Fait notable, le vendredi 13 novembre, soit le jour des attentats, le ministère de l’Intérieur avait fait connaître un plan national « contre les armes illégalement détenues » (PDF) qui reprenait déjà plusieurs de ces points.

Enfin, l’accent est aussi mis sur d’autres fichiers pour améliorer le contrôle aux frontières extérieures. « Les bases de données pertinentes dans le cadre de la lutte contre le terrorisme doivent être systématiquement consultées », tout comme celle du SIS (Système d'information Schengen) et du SLTD (database of Stolen and Lost Travel Documents, fichier des documents de voyages volés ou perdus), estime la France.

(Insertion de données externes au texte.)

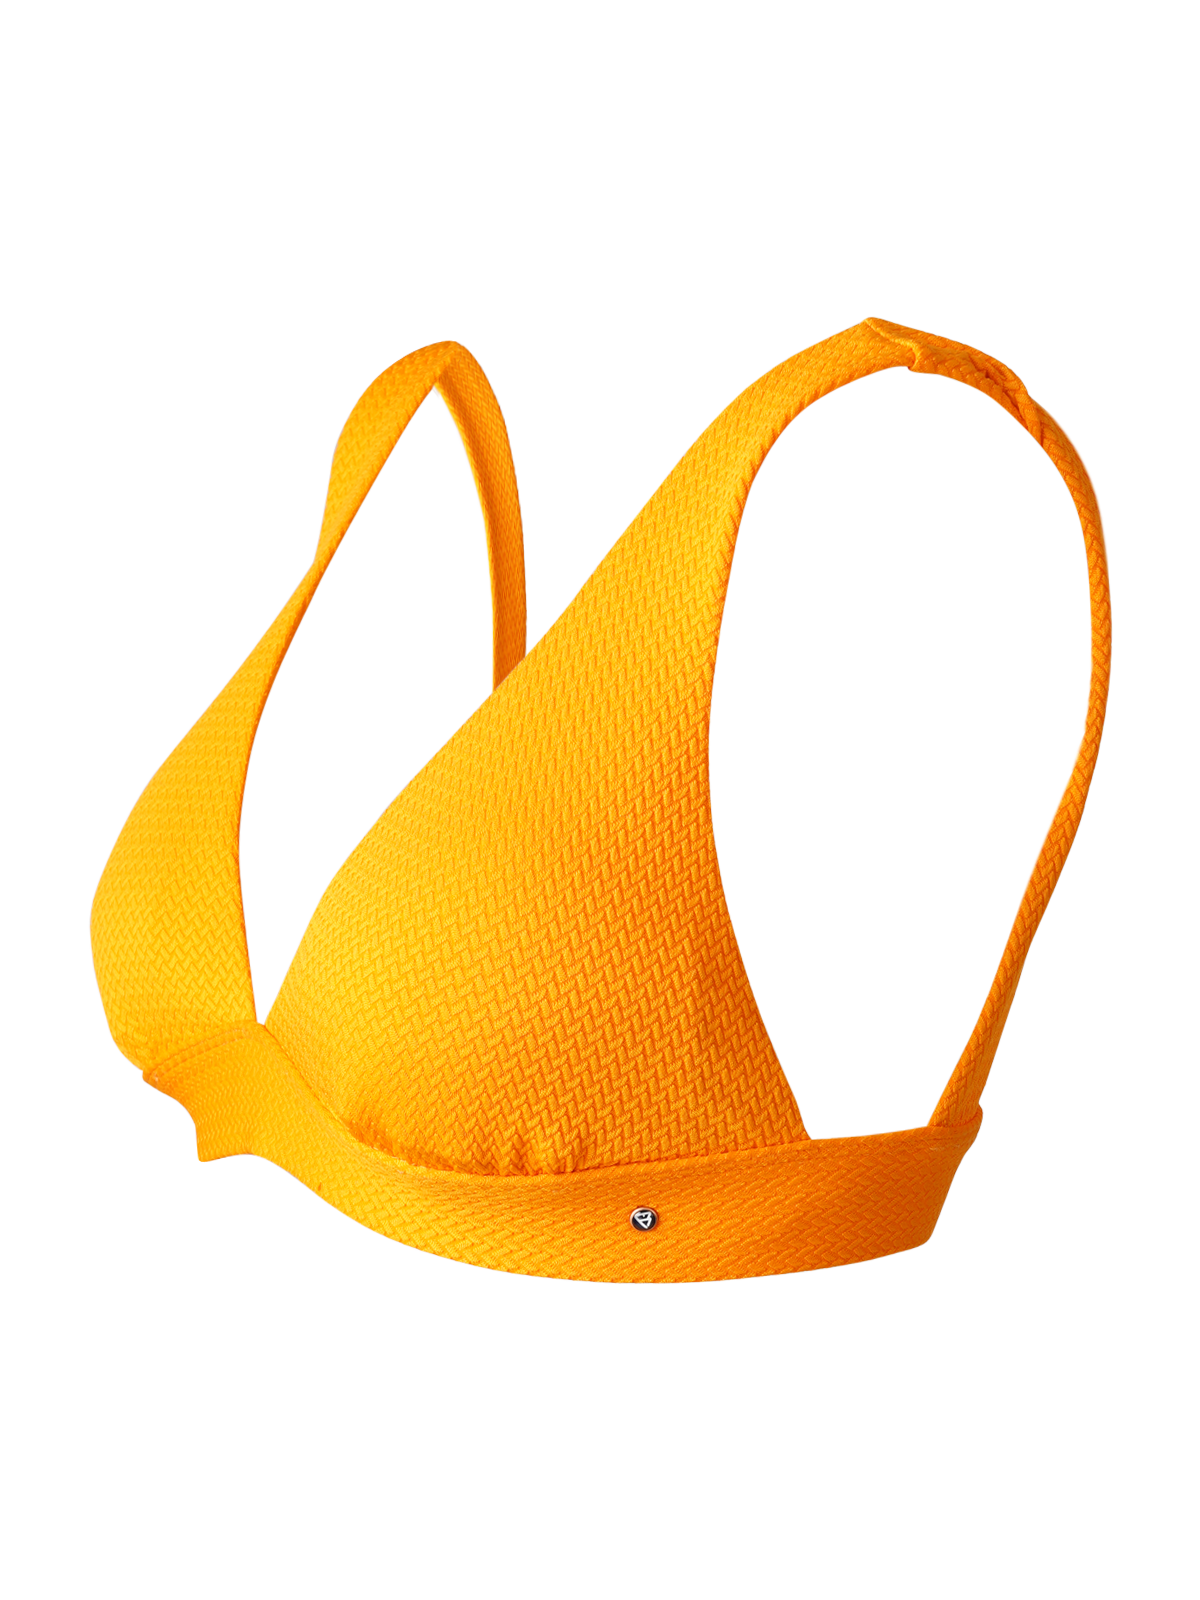 Forte-STR Damen Bralette Bikini Top | Orange
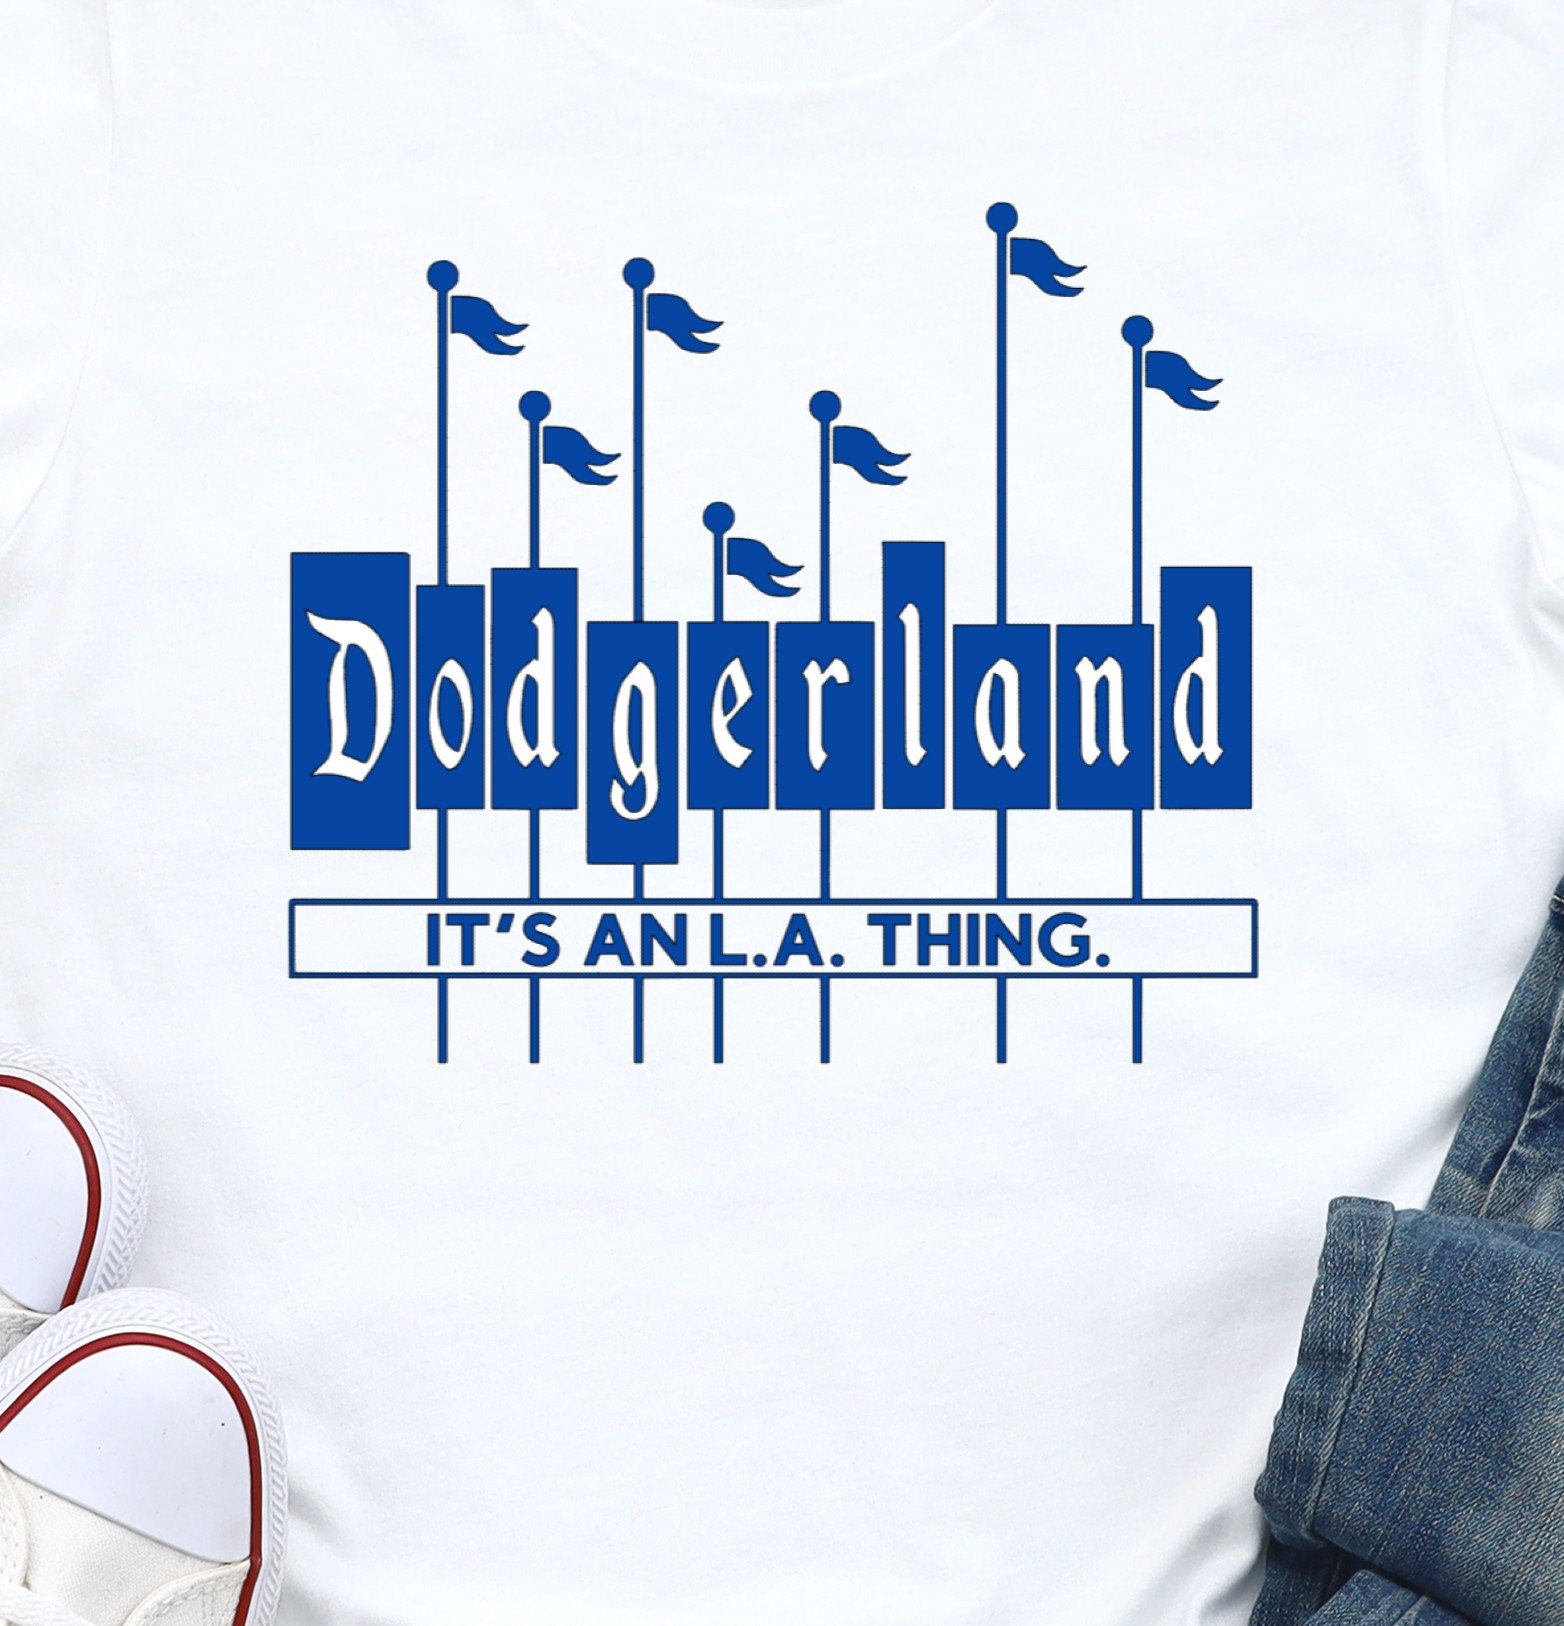 Dodger Land Disney Dodgers Dodgerland

Elle réclame enfin toute une série d’actions pour renforcer la lutte contre le financement du terrorisme. Au-delà d'un gel des avoirs plus efficace, cela passerait dans le domaine des nouvelles technologies par « une réglementation plus stricte en matière de monnaie électronique et de monnaie virtuelle. »

Une prologation de l'état d'urgence déjà envisagée par Bernard Cazeneuve

Plus près de nous, Bernard Cazeneuve n’a pas exclu que l’état d’urgence soit prorogé une nouvelle fois : « si dans trois mois les informations dont nous disposons sont telles qu'aujourd'hui, nous réunirons le Parlement comme nous l'avons fait pour prolonger l'état d'urgence » a-t-il expliqué lors de l'émission Des paroles et des actes sur France 2.